When the Ekstraliga was introduced in 2000, the team were competing in the 2. Liga but in 2001 the sealed promotion and began to build in form.

Janusz Kołodziej and Tomasz Gollob were signed and Rickardsson returned for the 2004 Polish speedway season. The team won the gold medal for the first time in their history and then successfully defended their title in 2005. Three Unia riders became consecutive Polish champions, Kołodziej was champion in 2005, Gollob in 2006 and Rune Holta in 2007. Gollob and Holta also won the 2007 pairs championship.

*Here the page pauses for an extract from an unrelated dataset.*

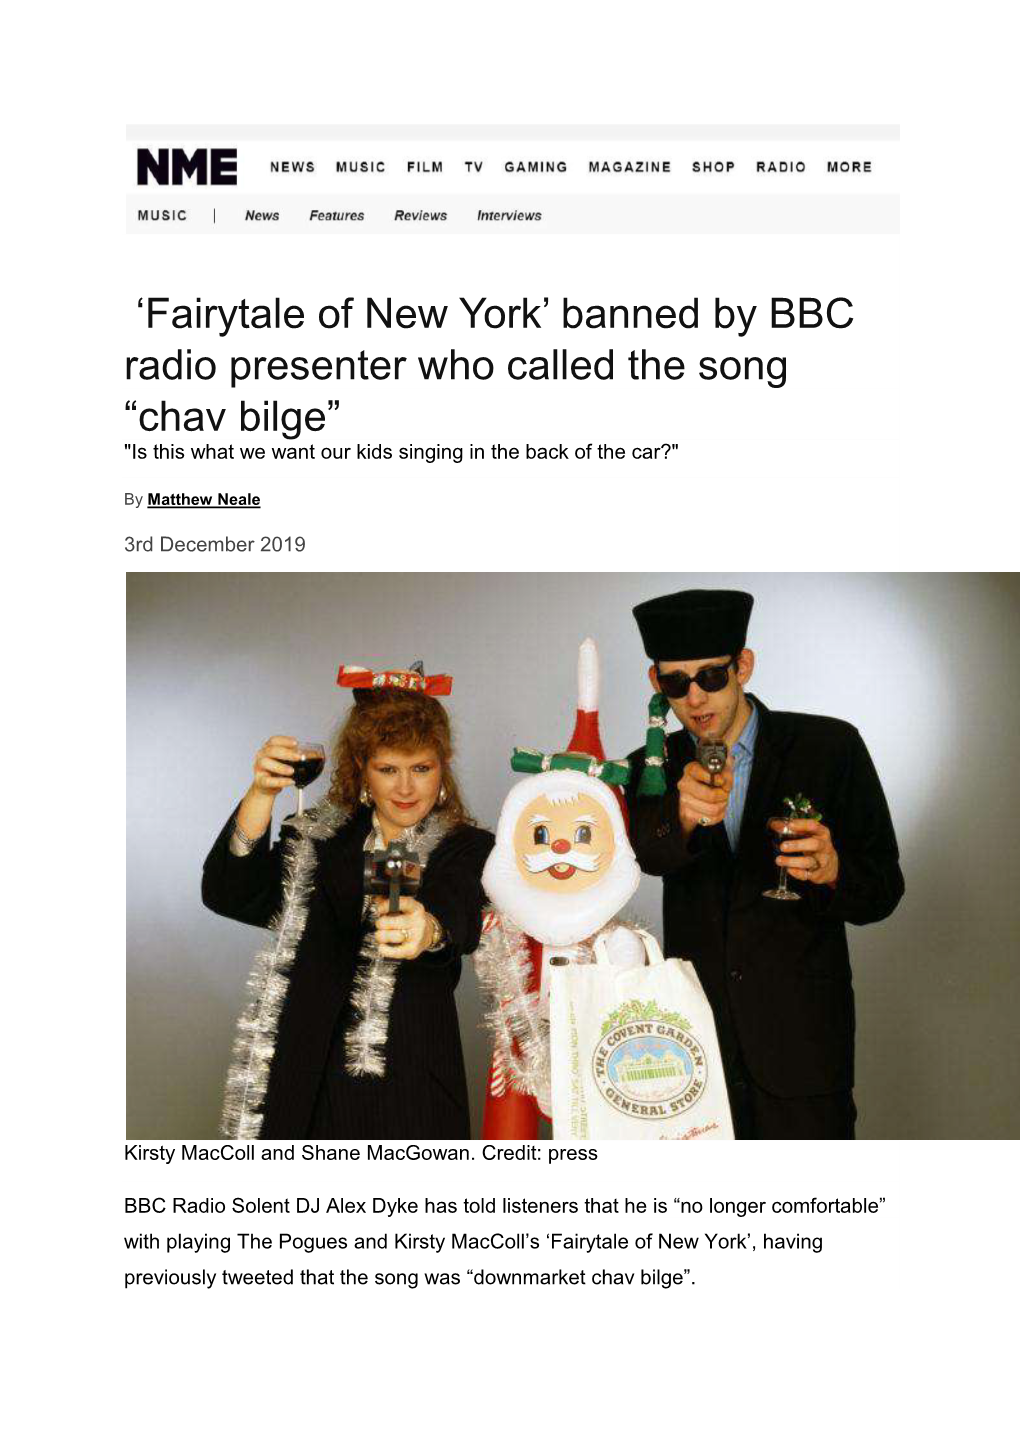 'Fairytale of New York' Banned by BBC Radio Presenter Who Called the Song
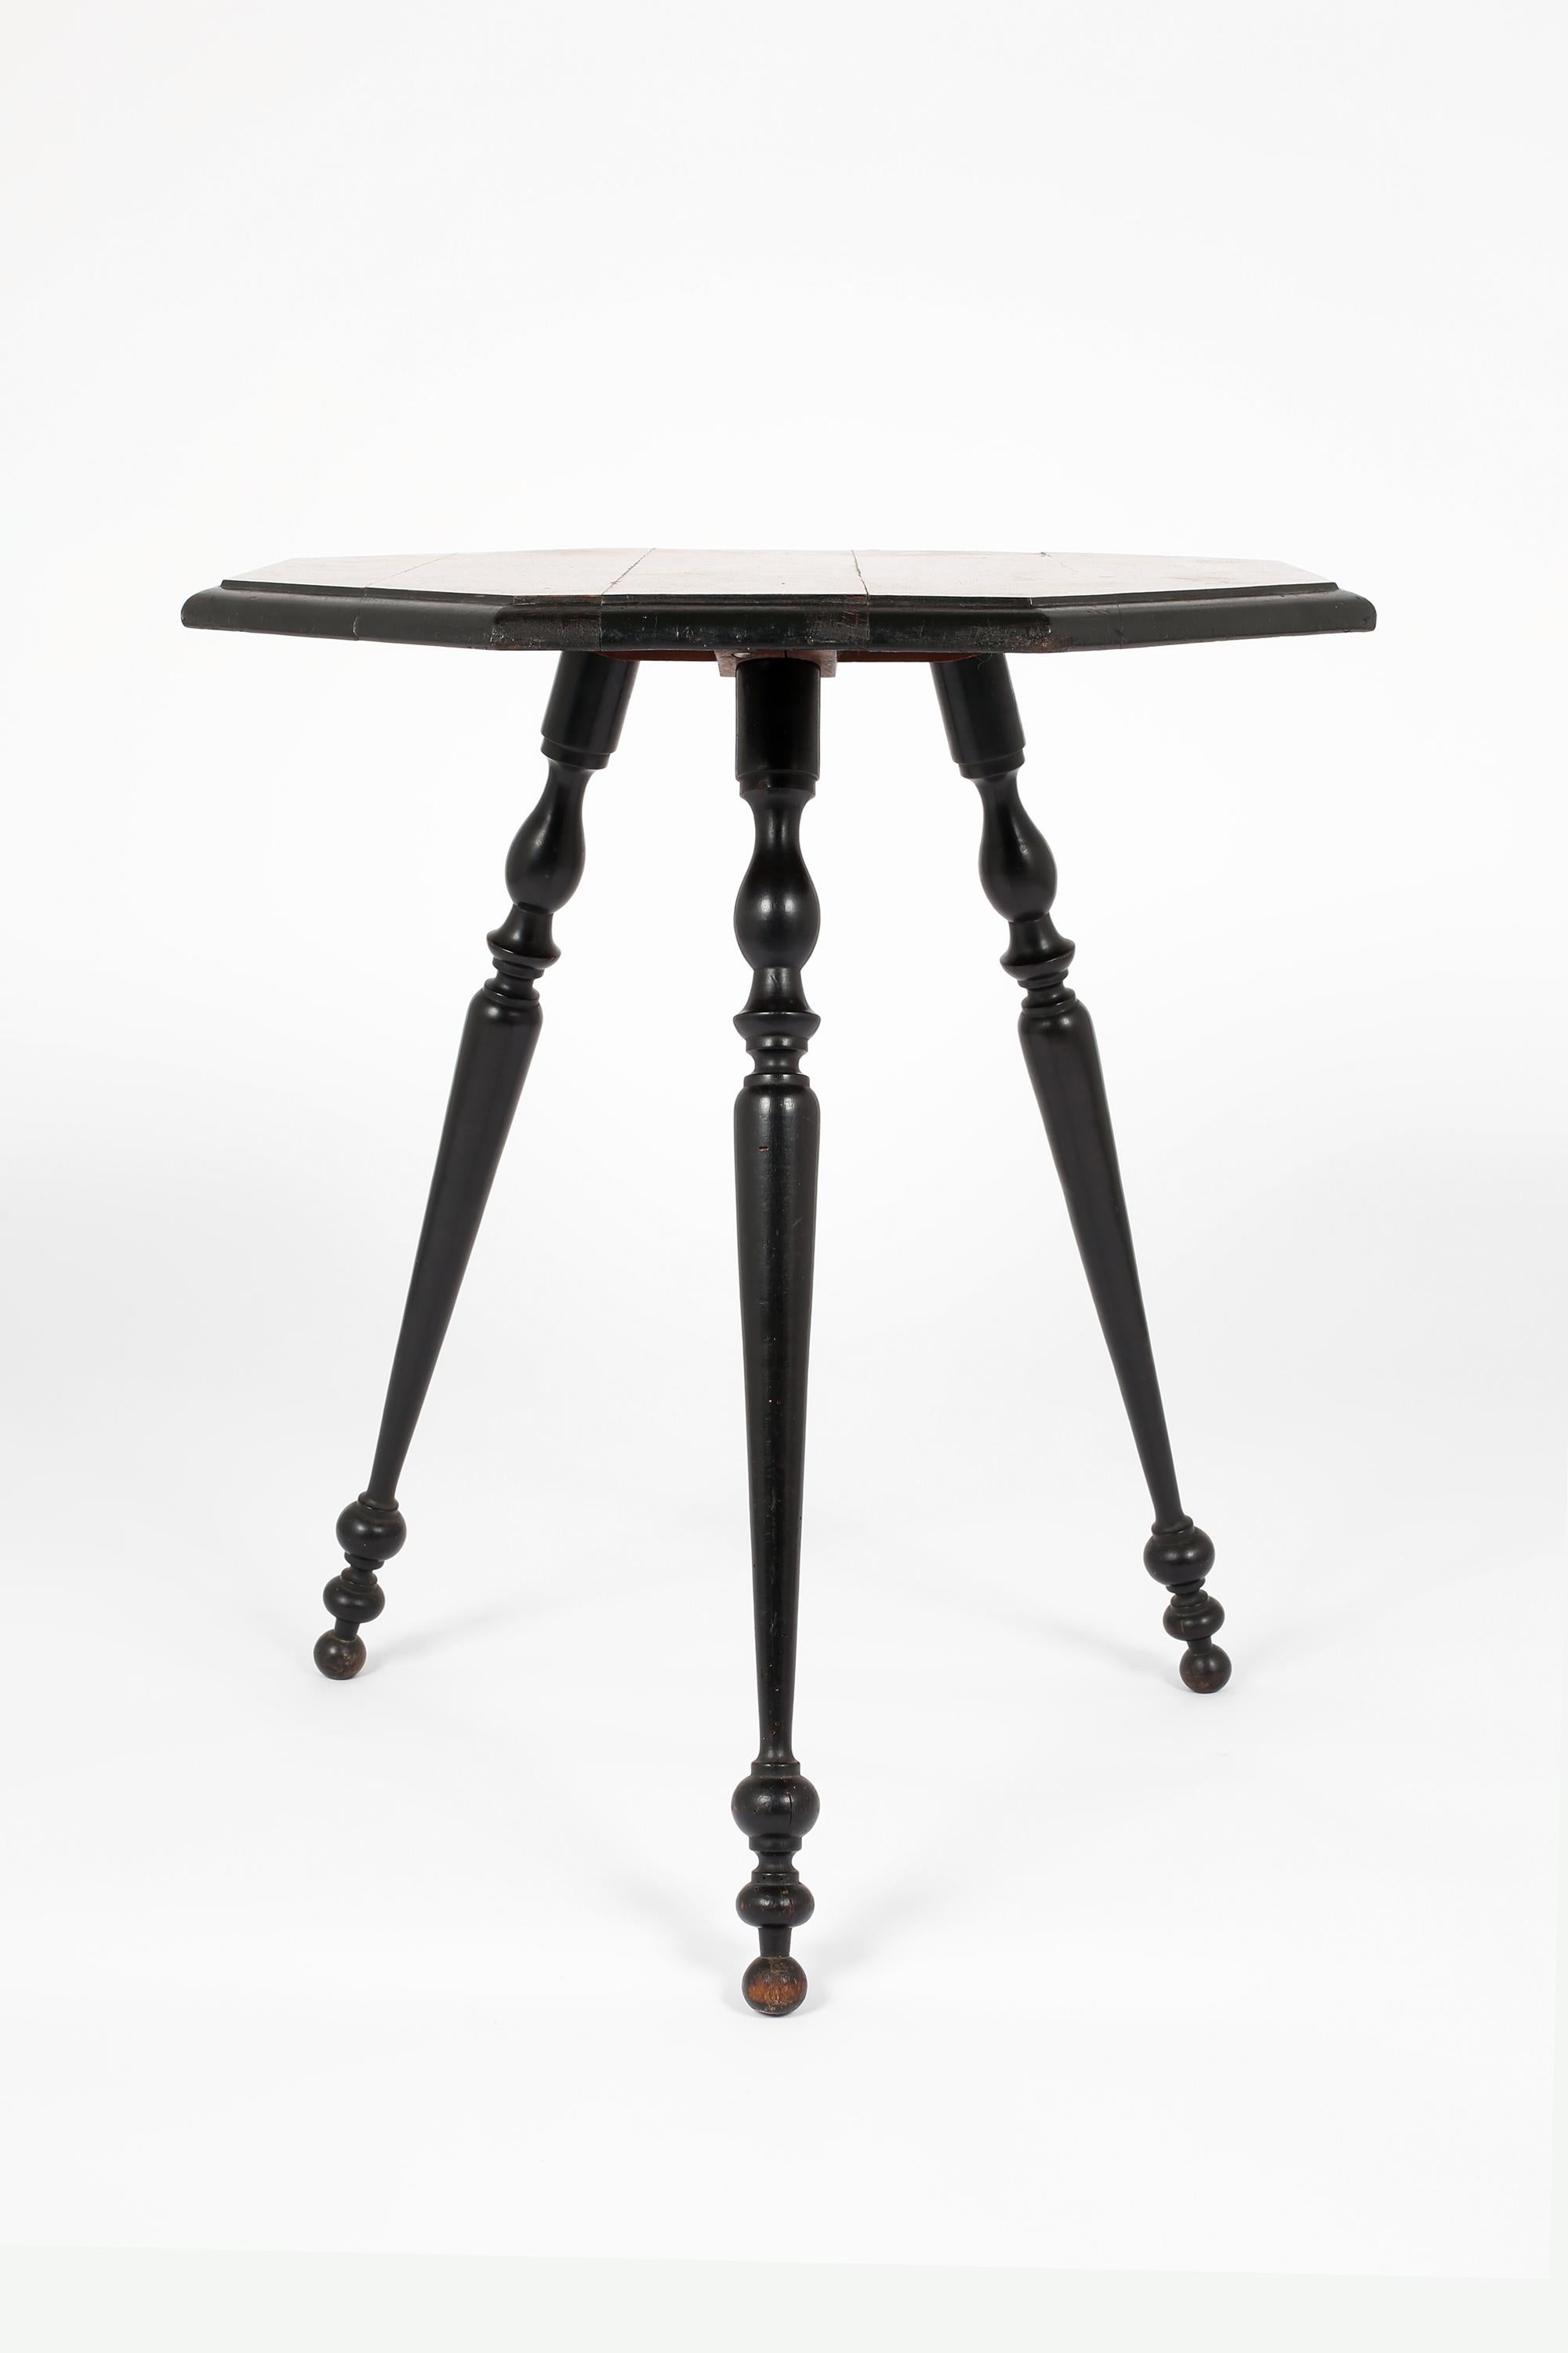 An early 20th century ebonised octagonal occasional table, with intricate foliate marquetry top and turned legs. French, c. 1900.

Further success came from 2012 to 2016 as the club won the gold medal in 2012, the pairs in 2013 and three consecutive bronze medals in 2013, 2014 and 2015. Maciej Janowski also won the 2013 Golden Helmet.

===2016 to present===
Since 2015, the team have experienced mediocrity with just one 1.Liga title success in 2017.

==Teams==
===2023 team===

- FIN Tero Aarnio
- DEN René Bach
- POL Oskar Bober
- DEN William Drejer
- POL Mateusz Gzyl
- DEN Kenneth Hansen
- POL Jan Heleniak
- SVN Matic Ivačič
- CZE Daniel Klima
- POL Ernest Koza
- GBR Richard Lawson
- POL Patryk Rolnicki
- POL Piotr Pioro
- POL Pawel Pikul
- POL Piotr Swiercz

===Previous teams===

2022 team

- DEN Kenneth Hansen
- SWE Peter Ljung
- POL William Drejer
- POL Oskar Bober
- POL Patryk Rolnicki
- FIN Tero Aarnio
- POL Piotr Swiercz

==Honours==
Team Polish Champions
- Gold: 3 (2004, 2005, 2012)
- Silver: 1 (1994)
- Bronze: 2 (2013, 2014)

Pair Polish Champion
- Gold: 2 (2007, 2013)
- Silver: 2 (2004, 2009)

Individual Polish Champion
- Gold: 5 (1967, 2005, 2006, 2007, 2013)
- Silver: 3 (2005, 2007, 2010)
- Bronze: 3 (2005, 2009, 2013)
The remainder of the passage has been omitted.